When evaluating the impact of DIF, standardized mean differences can be estimated with respect to the primary grouping variable (e.g., gender, age, and socio-economic status) as well as with respect to a conditioning variable (e.g., intervention condition) The DIFreport documentation refers to these as unconditional and conditional standardized mean differneces, respectively.
DIFreport provides two general workflows, both of which are
illustrated below.
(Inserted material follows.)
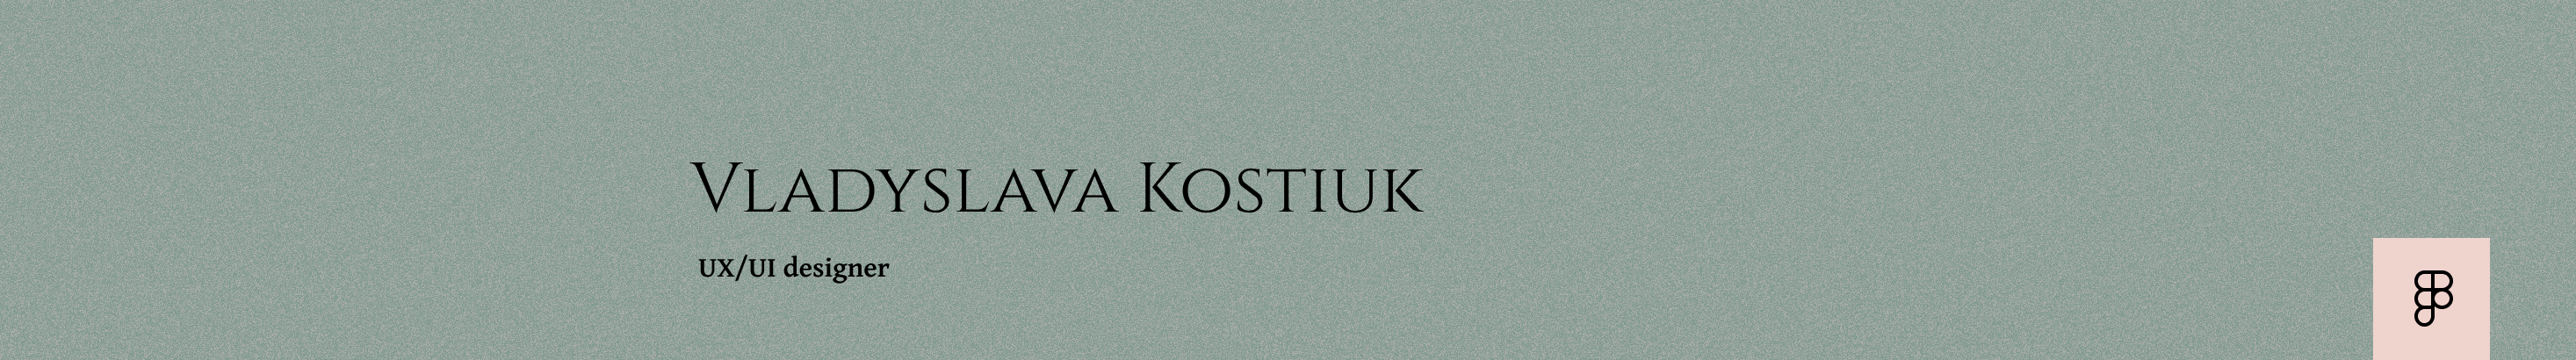 Vladyslava Kostiuk's profile banner
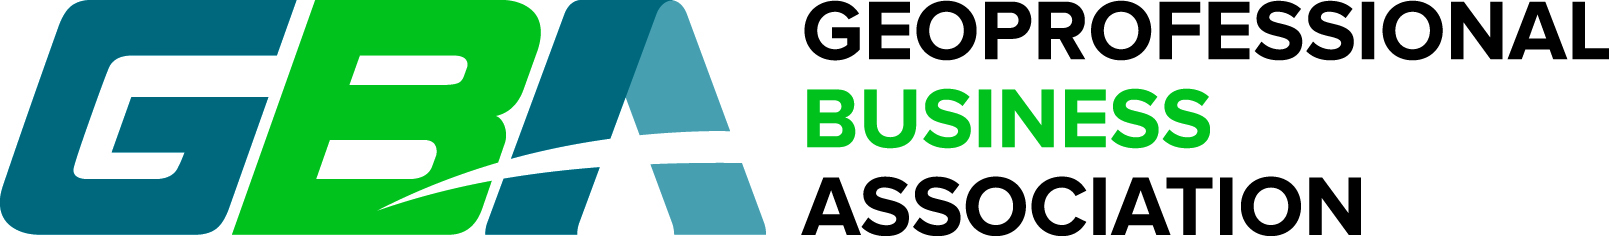 Geoprofessional Business Association (GBA)

In the “basic” workflow, summary_report()
is an omnibus function that automates the DIF analysis and, if there is
any DIF detected, computes the standardized mean differences with and
without adjusting for DIF. The results are summarized in an rmarkdown
produced report.
In the “advanced” workflow, the steps automated by
summary_report()
can be implemented directly, which gives more control
over which DIF analyses are conducted and which items are identified as
biased.
The both workflows are currently under construction, but particularly the advanced workflow as the output returned by some functions are not very user-friendly. These outputs may be converted to S3 or S4 objects with methods (e.g., print, summary) to provide greater utility.
DIFreport is in the alpha stage of development. Please report any bugs or suggestions by opening a Github issue.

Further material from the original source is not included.